S&P projects digital will grow to 15% to 20% of overall radio revenue within the next five years, while national billings will move in the opposite direction.


Local Driving Broadcast Growth


Current revenue trends in radio reflect what is happening among local broadcasting’s core ad categories. S&P says pharmaceutical, telecom, and professional services continue to outperform. At the same time, automotive, retail, and travel are softer due to high interest rates and inflationary pressures dampening consumer spending on big-ticket items.


Based on conversations with broadcasters and advertisers, S&P says local broadcast sales have been stronger than national. Nielson says professional services like lawyers are behind much of that, with localized campaigns filling the airwaves. And while auto manufacturers have been shifting so-called “tier one” national marketing dollars into digital, they have maintained regional association and local dealer spending. “They’re still trying to move inventory in those markets, so that hasn’t shifted as dramatically as the major brand advertising,” Nielson says.


Radio has traditionally gotten roughly eight of every ten dollars of revenue from local sales, and that has helped as S&P tallied its numbers for 2024. The firm estimates national sales revenue will slide 6% this year for radio, with local declining about a point.


“It’s been a struggle this year, but as you look at lower interest rates that could mean a potential uptick in terms of advertising in the fourth quarter and then into next year,” Nielson predicts. And while supply chain issues hampered year-end auto advertising during the past few years, that is no longer a problem for dealers.
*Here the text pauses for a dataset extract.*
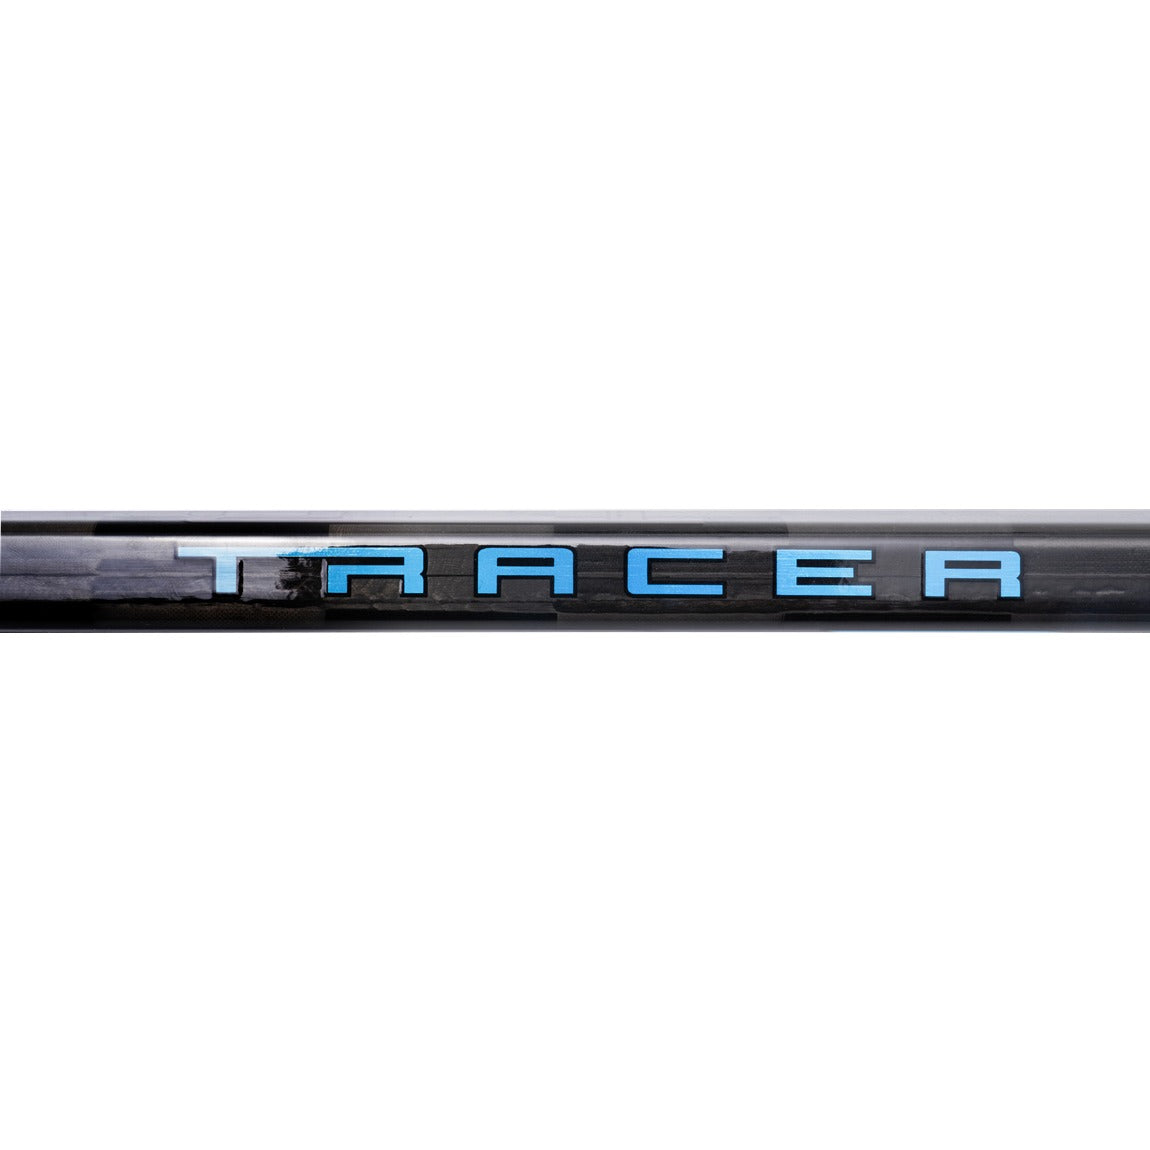 Bauer Nexus Tracer Hockey Stick - Senior

Nielson says that means that they are going to need to push year-end inventory clearances in 2024.


What About Local Television?


S&P says television has another election cycle to celebrate with what is on pace to be a record year in 2024. With the influx of $4.09 billion in political ads this year, total TV station ad revenue is expected to grow 14.1% to $24.95 billion.


When the impact of political advertising is removed, the story is mixed for local TV. S&P forecasts local TV spot revenue to be up 1.5% this year, while national spot will be down 4.5%. And digital is estimated to climb 3%. When all three are combined, analysts say it will combine for an overall 0.3% decline, with S&P projecting $17.58 billion in TV station core local and national ad revenue.